GPT-4's Hidden Cost: Is Your Language Pricing You Out of AI Innovation?
The remarkable abilities of GPT-4 have sparked a surge of businesses incorporating its APIs into their own products. From virtual assistants and chatbots to content creators and natural language processing tools, GPT-4 has become a flexible cornerstone for innovation. However, for numerous businesses, the dream of prospering with GPT-4 technology is dimmed by the reality of escalating costs.
Consider AI Dungeon, a widely enjoyed text-based role-playing game originally powered by the older language model from OpenAI - GPT-3. As the user base expanded, so did the company's expenditures, approaching $200,000 per month in 2021. To reduce costs, the company behind AI Dungeon, Latitude, switched to AI21 Labs' more cost-effective language software, which brought their monthly expenses down to under $100,000. This transition highlights the hurdles smaller enterprises face when building their businesses around OpenAI APIs—especially if they opt for the latest GPT-4, which can cost anywhere from 10 to 100 times more than GPT-3.
The pricing model for GPT services relies on the size of the input prompt and the generated response.

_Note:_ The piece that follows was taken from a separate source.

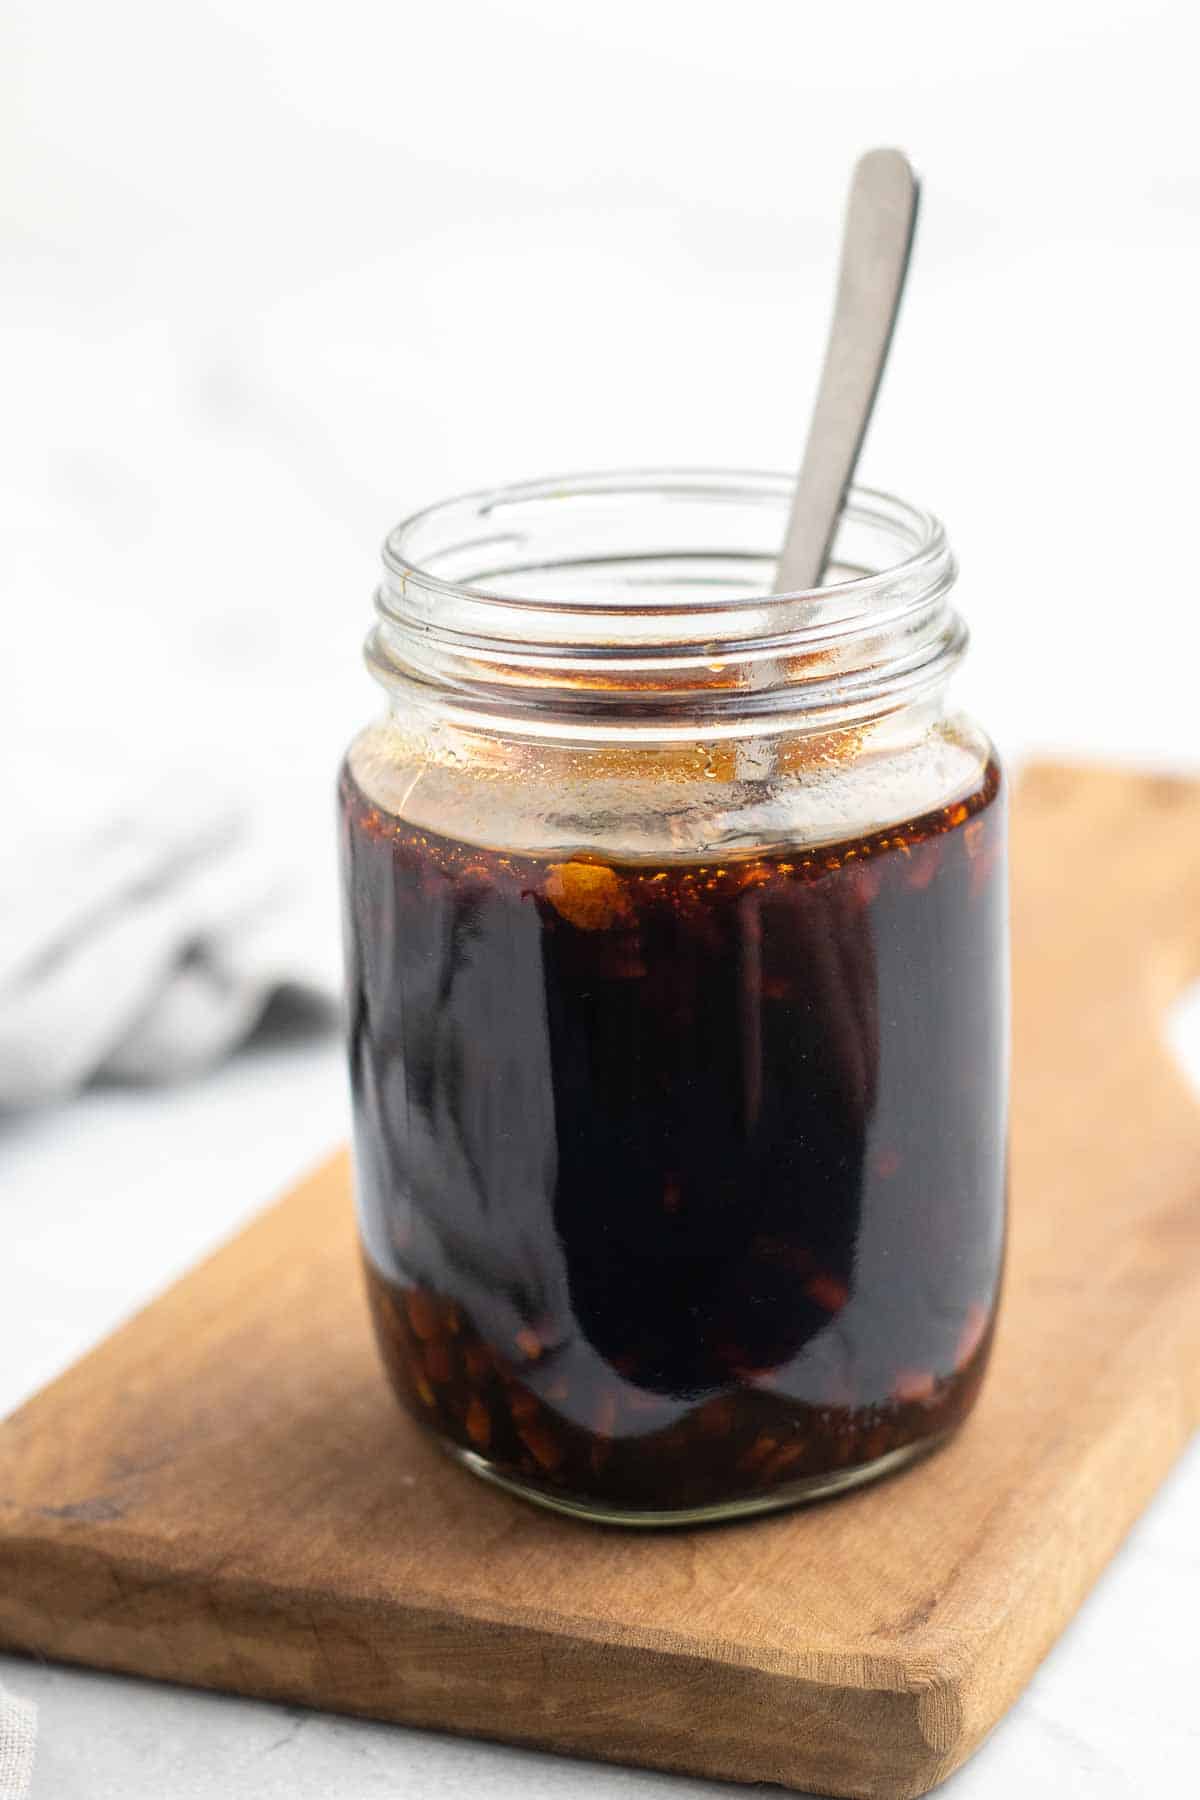 Sugar free teriyaki sauce in a glass mason jar with a metal spoon on a wooden serving tray

Interestingly, the measurement is not in characters, as one might assume, but rather in tokens. In the case of GPT-4, the cost is $0.03 per 1,000 input tokens and $0.06 per 1,000 output tokens. But what exactly are tokens?
Tokens are elemental parts of words identified by GPT. The input text is divided into tokens, and GPT generates a response by adding new tokens to the input. GPT-4 utilizes a dictionary of 100,000 tokens known as CL100K. Some tokens correspond to entire words, typically English words. For example words “formula”, “interior” and “council” are just 1 token. Other tokens may represent a few letters or just one letter, and often, a token may even encompass only part of a single character, particularly for non-Latin characters.

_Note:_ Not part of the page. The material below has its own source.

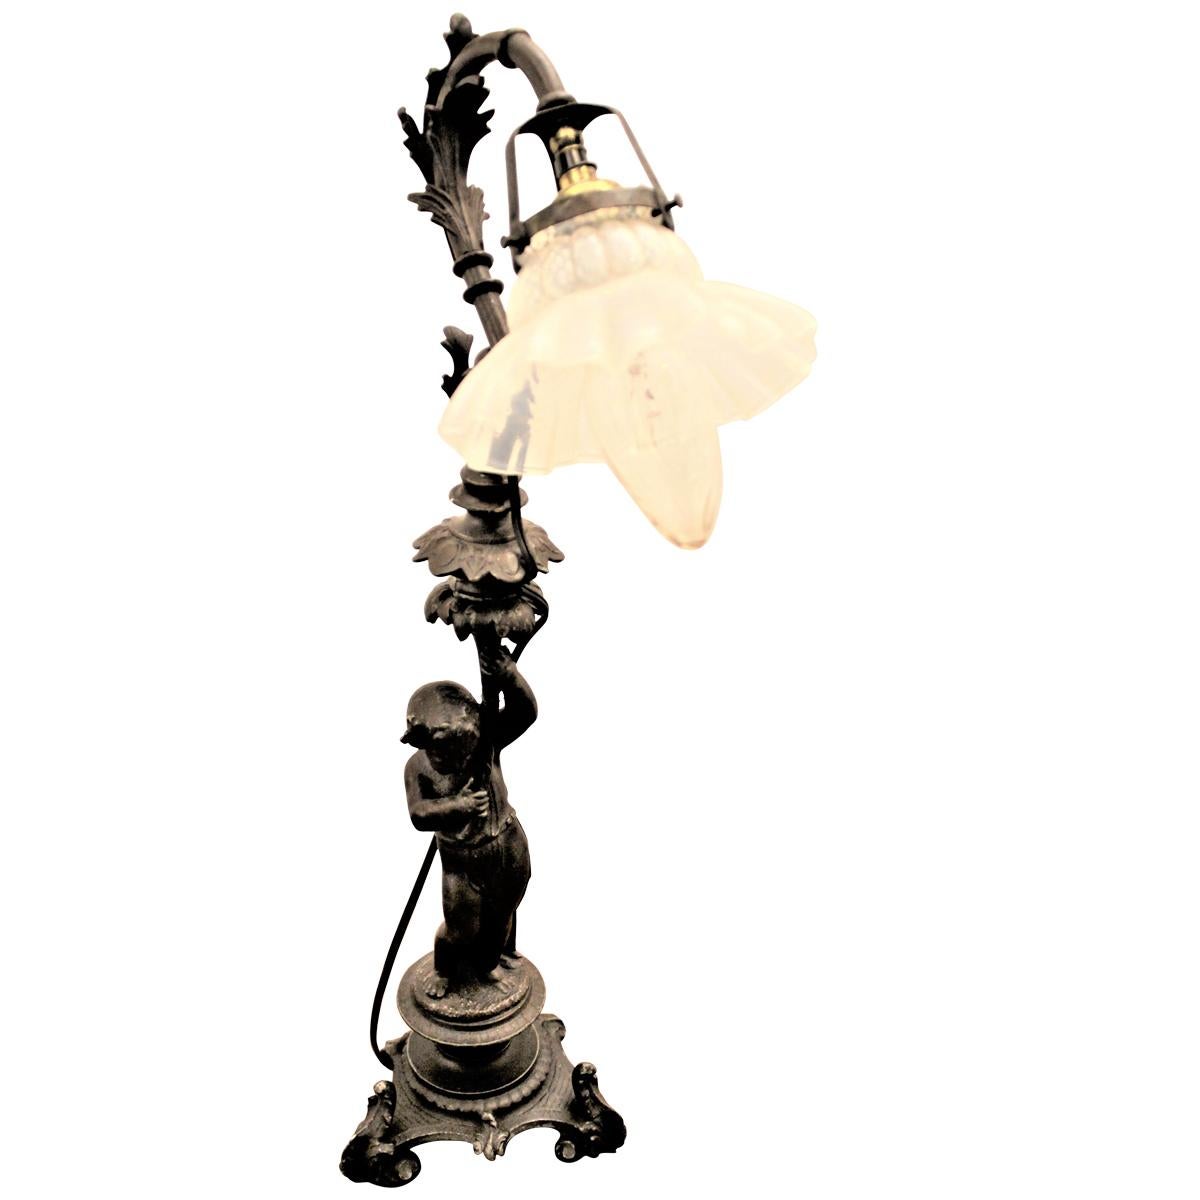 Antique Cast Figural Cherub Table Lamp with a Ruffled Opalescent Shade

The token-centric pricing framework inherently places businesses working with non-English languages at a disadvantage. This is because the cost of processing a standard A4 page of text relies on the number of tokens it contains, which varies significantly depending on the alphabet and language used in the text. Given that the tokens in CL100K were largely developed based on English texts, it's no surprise that languages utilizing non-Latin characters or completely different alphabets face additional challenges.

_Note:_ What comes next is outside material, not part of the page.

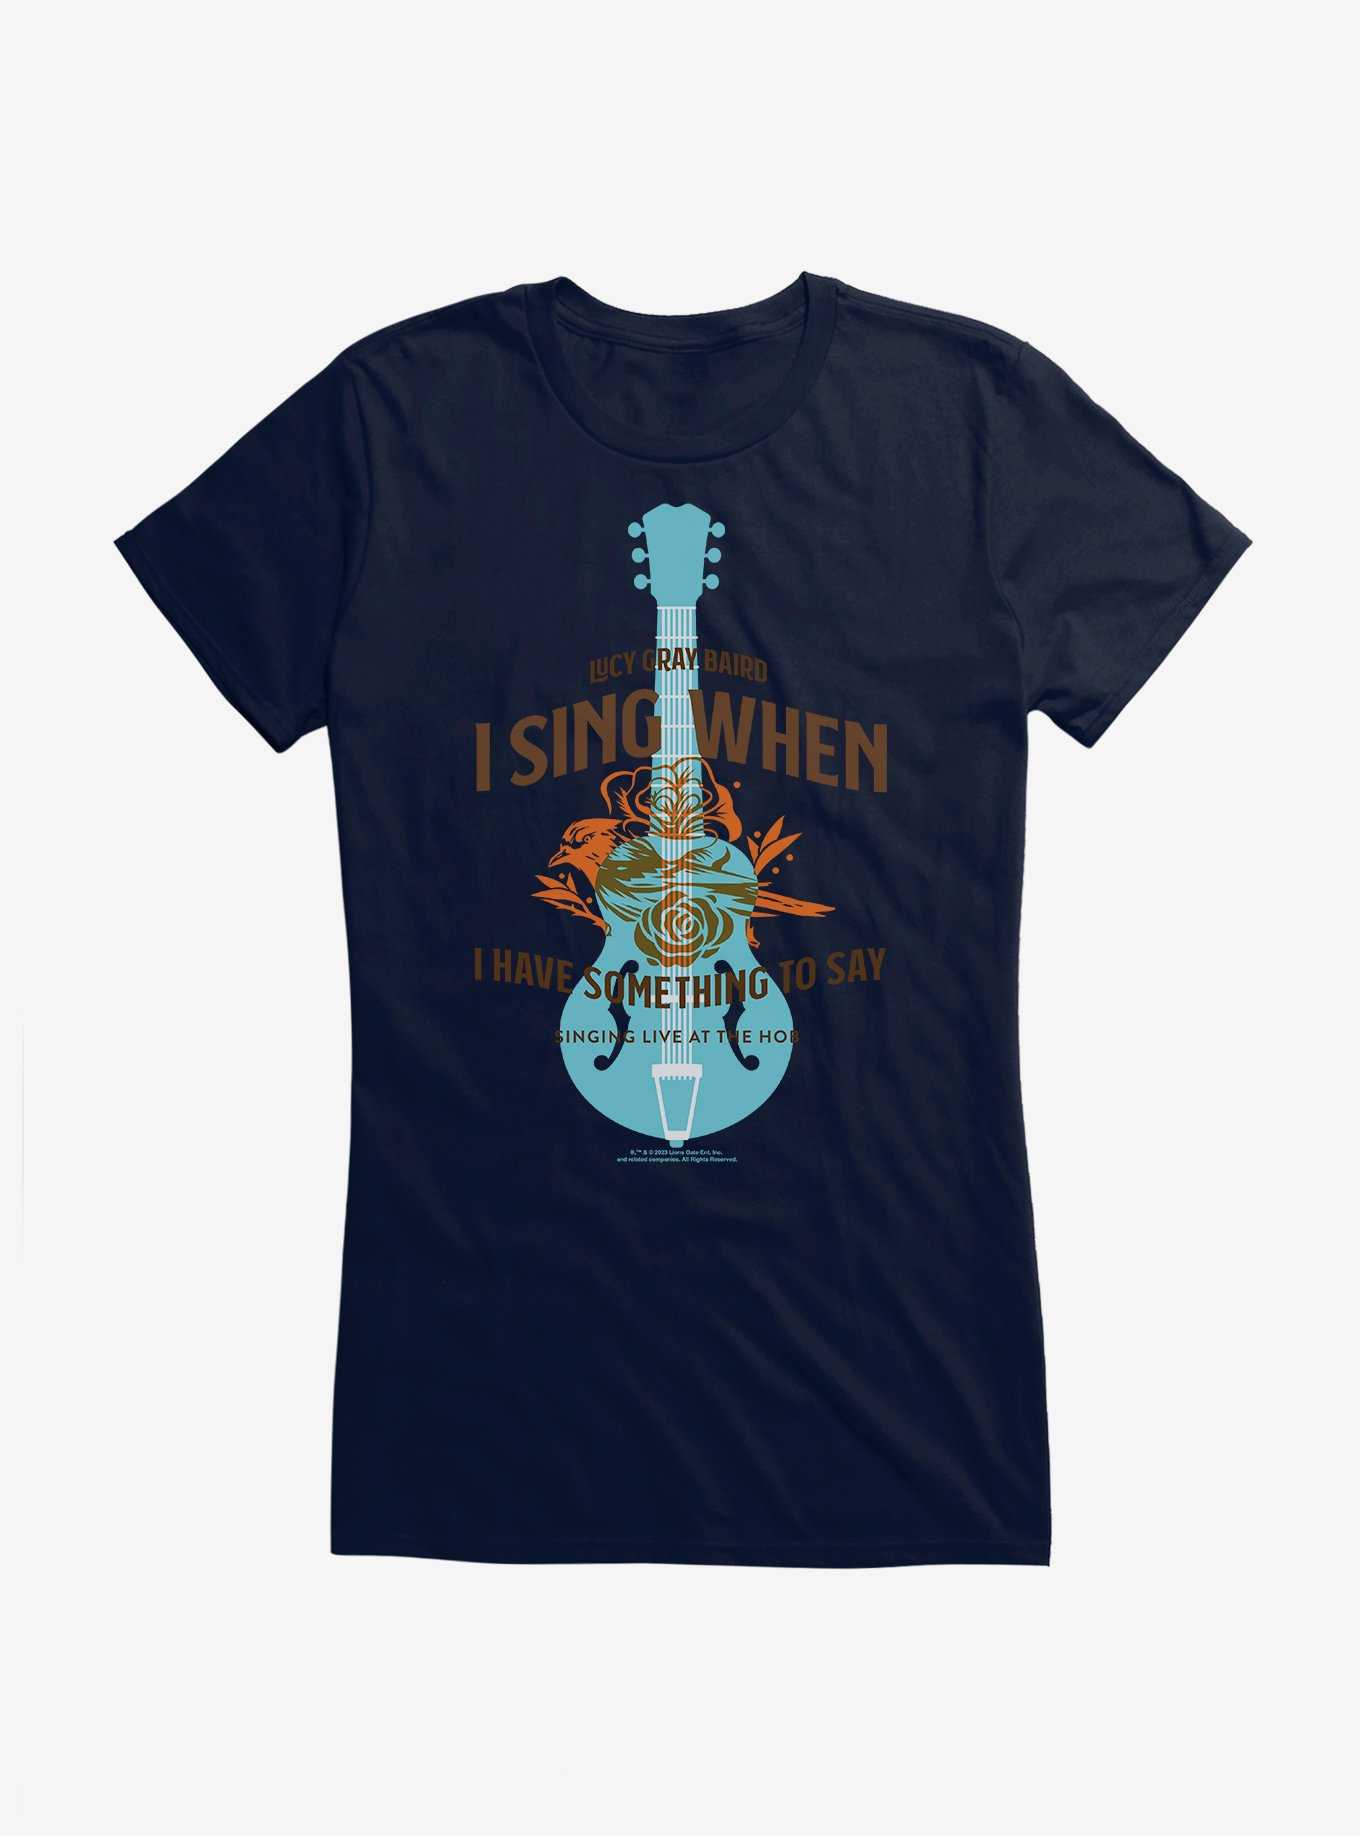 Hunger Games: The Ballad Of Songbirds And Snakes Lucy Gray Baird Guitar Girls T-Shirt, , hi-res

To shed light on this issue, I embarked on an experiment. I chose a collection of widely translated Wikipedia articles and employed the CL100K tokenizer to determine the average number of characters per token for each language. This allowed me to evaluate the cost overhead for each language when processing an equivalent number of characters as in English. You can find the results of this analysis in the accompanying chart.
The disparity in overhead costs for different languages is quite noteworthy. When examining French and Spanish texts, we see the most modest cost increases, hovering around 30-31%. However, the situation worsens for speakers of other languages. Turkish users, for instance, are faced with a substantial 67% penalty.
As we delve into the realm of Slavic languages, the disparities become even more pronounced. Croatian fares the best, albeit with a 72% cost increase, while Polish users are burdened with an 82% hike. For those utilizing Cyrillic-based languages such as Russian, Ukrainian, and Bulgarian, costs more than double that of English.
Yet, even more astonishing cost increases await those who adopt Hebrew, Hindi, Korean, or Japanese. Businesses employing these languages will find themselves charged a staggering 3.2 to 4.2 times more than their English text counterparts.
And finally, we arrive at the Armenian, and Burmese languages, where the cost differential is simply prohibitive. The increase in expense for these languages is an astounding 7 times greater than that of English.
Considering these findings, we must recognize GPT-4's hidden cost for processing non-English texts. This significant disparity risks creating barriers to entry for smaller firms, particularly those using non-Latin-based languages. As AI technologies, like GPT-4, become essential in our interconnected world, it is vital to ensure their accessibility and affordability for businesses across linguistic backgrounds, fostering more equitable AI-driven innovation in global markets.
To address this issue, OpenAI could consider moving away from tokens and reverting to a more intuitive character-based model, which would offer the added benefit of greater cost predictability. Currently, predicting GPT-4 service usage costs is difficult, as tokenization isn't as straightforward as counting characters. Furthermore, OpenAI and other AI developers ought to prioritize diversifying their training data to ensure adequate representation of non-English languages. This would not only enhance AI model performance in non-English contexts but also lower token costs for businesses operating in those languages.
As GPT-4 and similar technologies continue to revolutionize industries worldwide, it is crucial that we remain vigilant in identifying and addressing potential inequalities in AI adoption. By promoting inclusivity and fairness in AI technologies, we can ensure that businesses worldwide can reap the benefits of AI-driven innovation without being weighed down by a hidden price tag.